Grenada is a rolling, mountainous island, covered with fragrant spice trees and rare tropical flowers. Bordered by stunning beaches, and dotted with picturesque towns, this beautiful island has long been a major source of nutmeg, cloves, ginger, cinnamon, and cocoa. In the interior of this volcanic island are cascading rivers and waterfalls, lush rainforests, and one of the most breathtakingly beautiful mountain lakes imaginable.


The underwater scenery in Grenada is every bit as breathtaking as it is above the waves, and just as accessible. Some say that the scuba diving in Grenada is the best in the Caribbean.   They boast the largest shipwreck in the Caribbean as well as an underwater volcano! Most of the diving facilities in Grenada are located in the south of the island, and most of the dives sites are within 15 minutes of the Grand Anse Beach.  There are 30 or more dive sites including, reefs, wrecks and walls most within 15-20 minutes from the dive shops.

The top diving destinations list for Grenada certainly includes diving the wreck of the Bianca C, known as the Titanic of the Caribbean.  It is a 600 foot cruise ship that sank in 1961.  Also ranked among the best diving sites is the Underwater Sculpture Park.  It contains a series of underwater installations on the theme of Grenada’s history and folklore.  Even though it may be done as a dive, the site is very shallow and lends itself to snorkeling, as well.



BIANCA C –  A 600-foot cruise ship, sunk in 1961, lying on a sandy plain in 167 feet of water.The decks of the ship are accessible to divers at 90 feet.  At times there are strong tidal currents, making this an advanced deep dive (with a checkout dive required).  The ship is encrusted with sponges, as well as black, soft and hard corals. There are schools of jack, barracuda and eagle rays in abundance.

Flamingo Bay – The wall with the most prolific fish life. Shoals of creole wrasse, yellow chromis, grunts and jackknife fish lead down the wall to 90 feet, where there are grouper, jacks and rays to be seen. The wall itself is encrusted with whip coral, an assortment of sponges and sea fans, in the shallower parts of the reef.

Mollifier Reef – This is a dive for beginners as well as advanced divers.
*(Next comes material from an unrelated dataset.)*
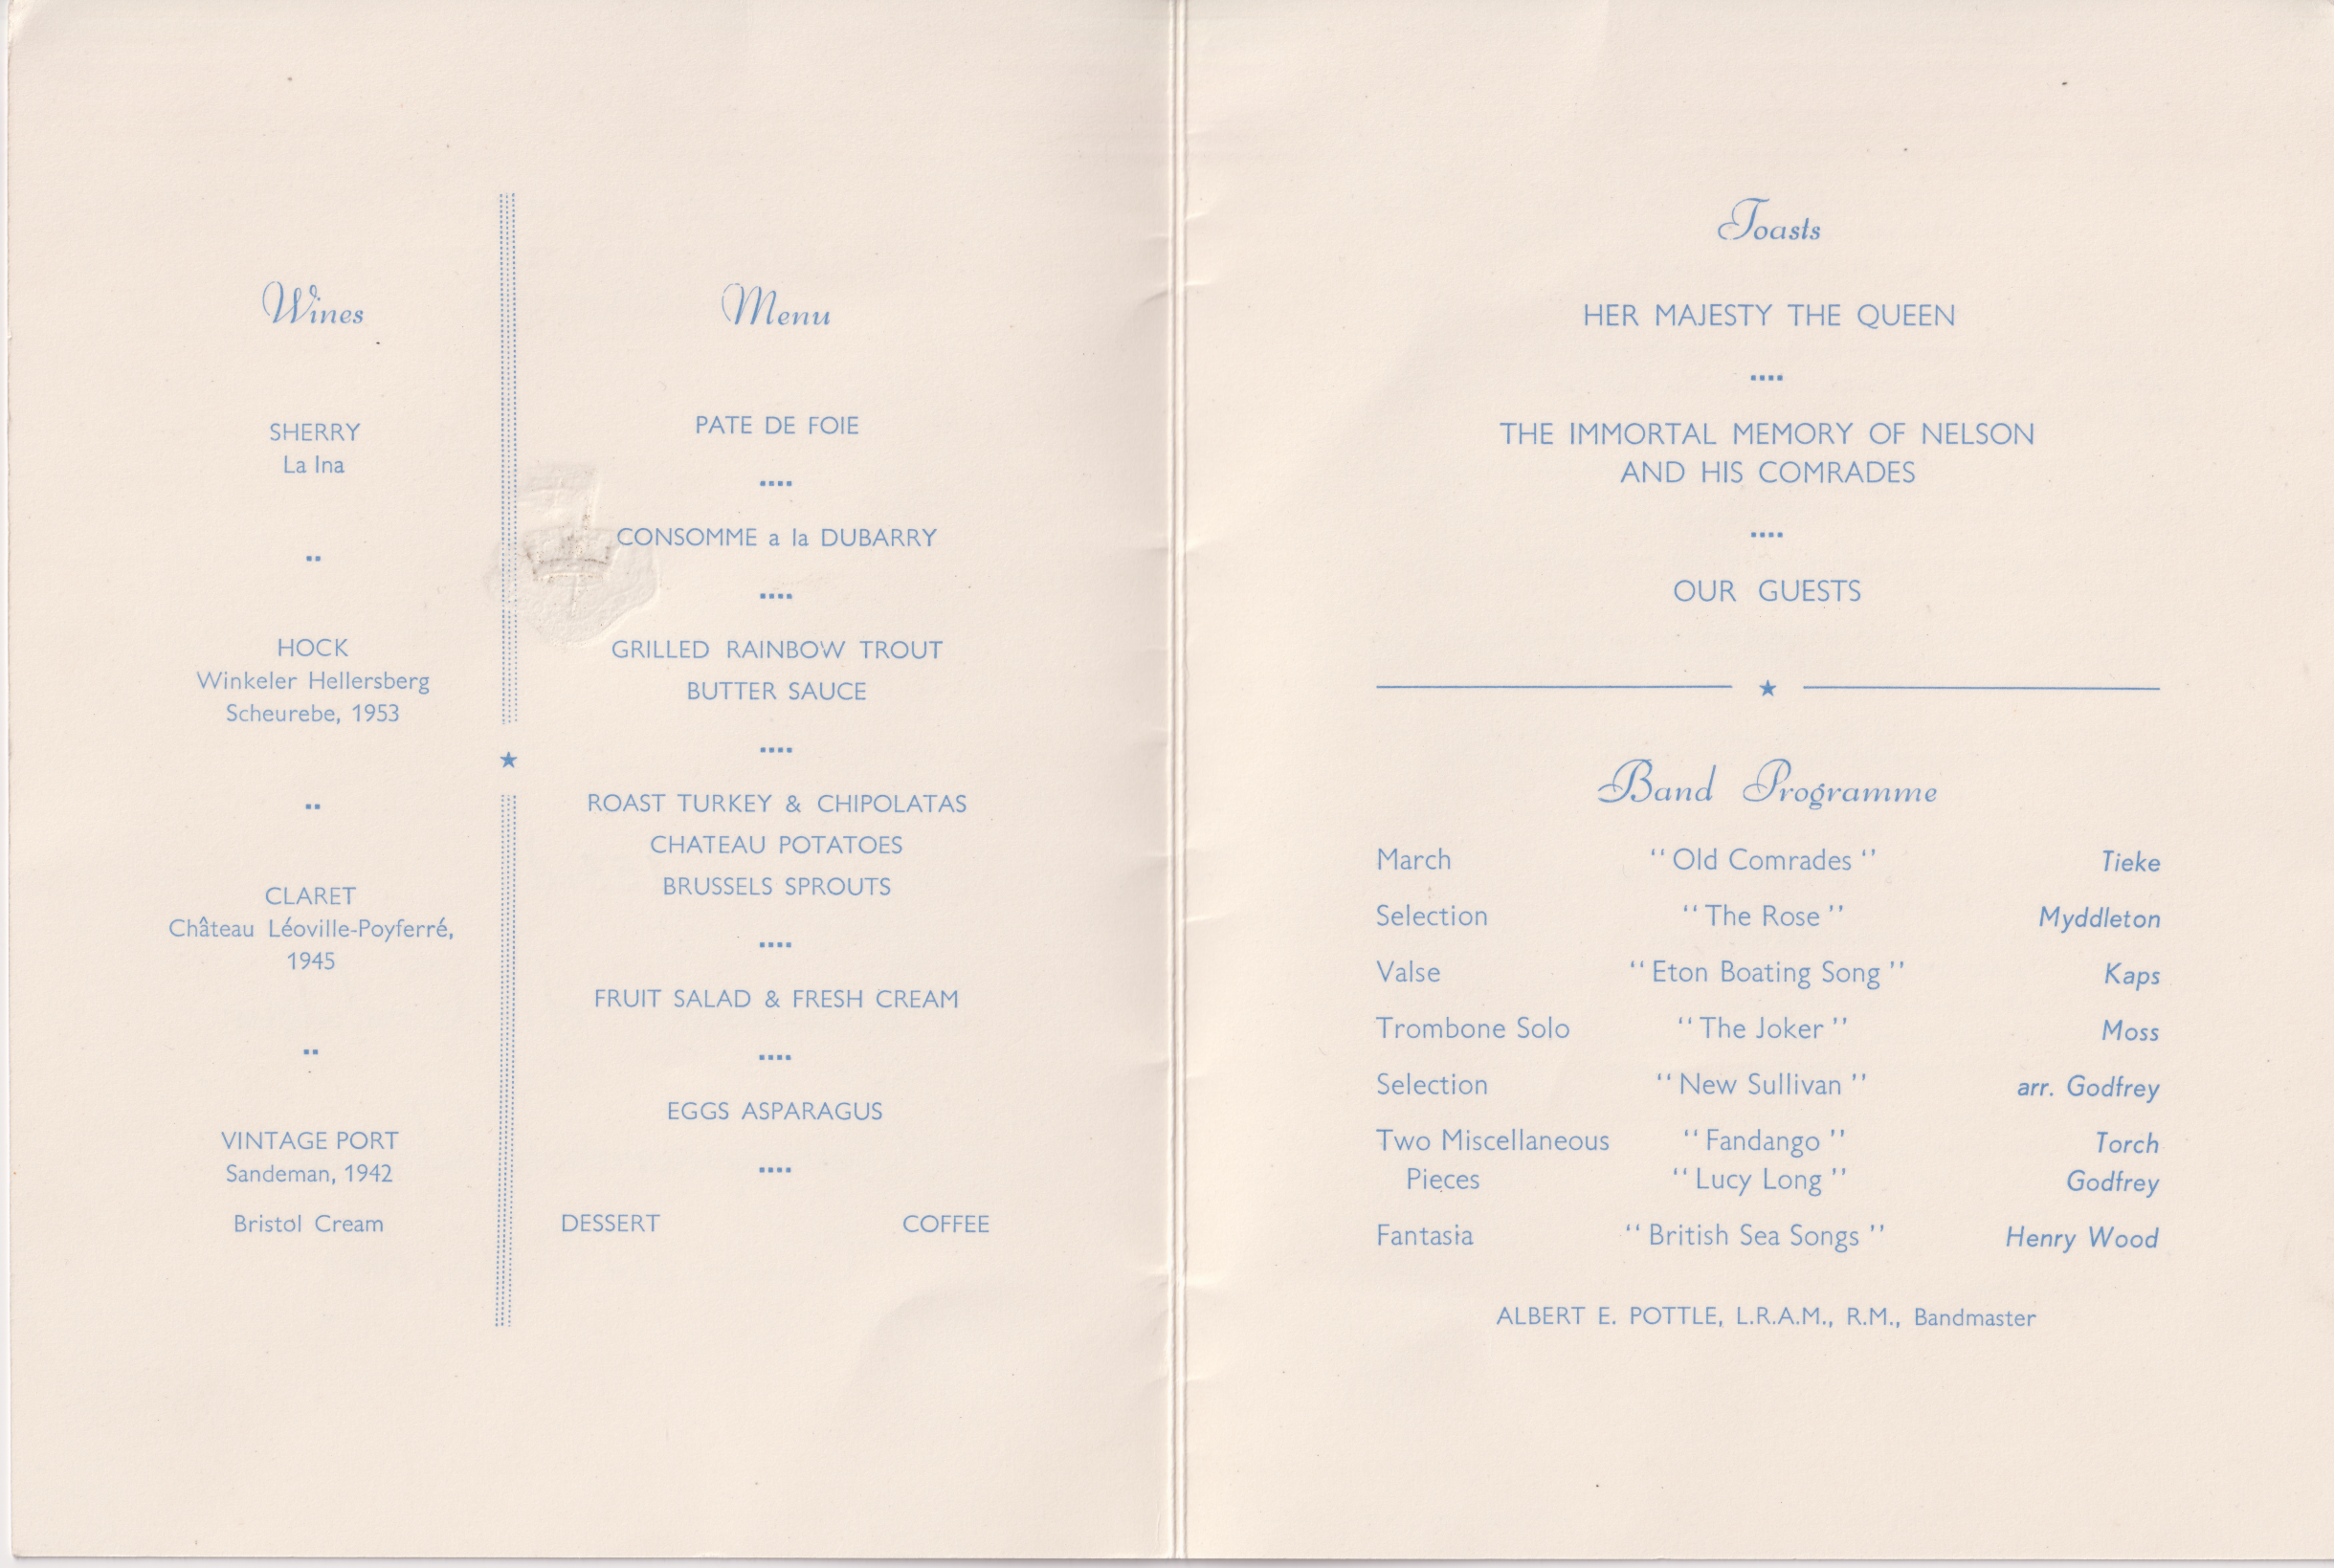 Trafalgar Night Dinner menu from 1958. Credit NMRN

The reef comes up to within 10 feet of the surface in some places and is also popular with snorkelers. It culminates in a wall which drops to 60 feet and further out there are two wrecks, the Buccaneer and the Don Cesar.

Whibble Reef – A sloping sand wall that descends sharply to 167 feet to the north and gently to the south. This is an advanced drift dive over enchanting reef and coral formations. Traveling along the edge, schools of jack, rainbow runner and wrasse can be seen. Among the brown coral, along the top of the reef, you see turtles, eagle rays and the occasional sleeping nurse shark. Lobster and barracudas also abound.


DIVE SEASON:  Year around

VISIBILITY:  30 to 100 feet  (9 to 30 m), depending upon site and season.

WATER TEMPERATURE:  To 85F (29C) in the summer and 79F (26C) in the winter.

WEATHER:  Temperatures range from 75 to 87 degrees. June to December is the rainy season, resulting in brief rain showers that blow through quickly. Diving and visibility are usually unaffected.


CLIMATE: Grenada’s climate is tropical. The dry season runs January-May, and the rainy season runs June-December.  The average temperatures range from 24C/ 75F to 30C/ 87F, tempered by the steady and cooling trade winds.

LANGUAGE: English is the official language of Grenada.


CURRENCY & CREDIT CARDS:  The East Caribbean dollar is the currency used locally. It is linked to the US dollar.  At the banks you will get EC$2.67 for US$l cash and EC$2.68 for US$l travelers cheques.  Credit cards are accepted at most restaurants and a limited number of retail locations in Grenada. Most local grocery stores will accept Credit Cards.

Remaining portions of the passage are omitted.